My objection is the strike asks includes increased pay and no redundancies. Which is impossible. If your demands are impossible to meet, which these are, then the only losers are the students in the short term and the sector in the long run.

And the sector already lobbies government a lot, so again that bit is pointless.

FurryGiraffe · 24/10/2025 21:34

The decision about whether to strike shouldn’t just be about whether the cause is just. It should also consider whether the strike is winnable. Because strikes involve considerable financial sacrifices for members, and every unsuccessful strike is burning through the union’s political (and financial) capital.

This isn’t winnable, so to lead members out on strike is unconscionable. The only people who will win are university management, because it will weaken the union.

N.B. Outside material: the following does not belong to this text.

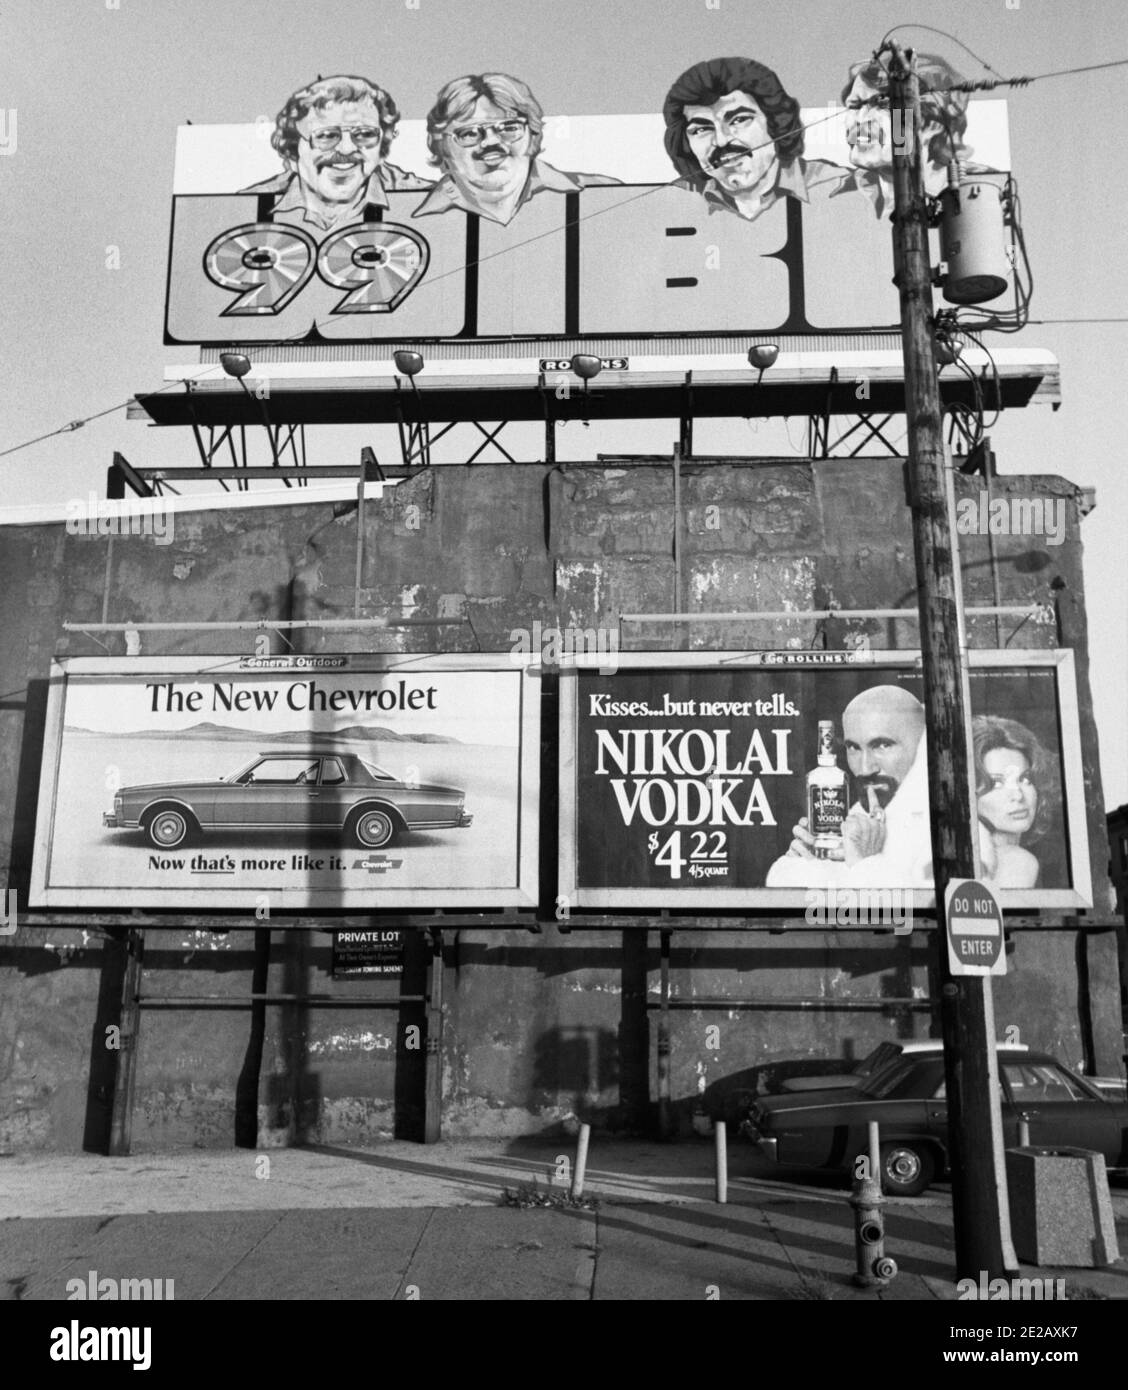 Nikolai Vodka, Philadelphia, USA, 1976 Stock Photo

busybusybusy2015 · 26/10/2025 11:23

I'd rejoin UCU if it would grasp a new nettle and make it their job to poke a stick at flawed uni business models, lack of financial oversight, overpaid VCs, schoolleaver demographics for at least the next 10 years, Russell Group insanity on grade requirements for vocational/shortage subjects, reform of the student loan system. Get involved in why the sector is falling.

Acinonyx2 · 26/10/2025 12:35

@busybusybusy2015 Agreed - otherwise it's just refusing to row a boat with a big hole in it.

anotheranonacademic · 27/10/2025 11:27

Can I ask a really dumb question? As I haven't really paid attention too much to what's going on - but isn't a strike something that happens when negotiations fail? Has the Union been in discussion with Universities about this (or these many things) and this has gotten nowhere, thus now the strike?

It seems to me though, that the demands are all symptoms of the the fourth bullet: "jointly lobby the UK government for a new higher education funding settlement" - I don't really see how the Universities can do any of the prior elements without fixing the overall problems in the sector, of which a lot are due to government policies (actually more than just HE funding...). Do you really need to strike to ask to work together? Have the Universities refused to work with the Union on this?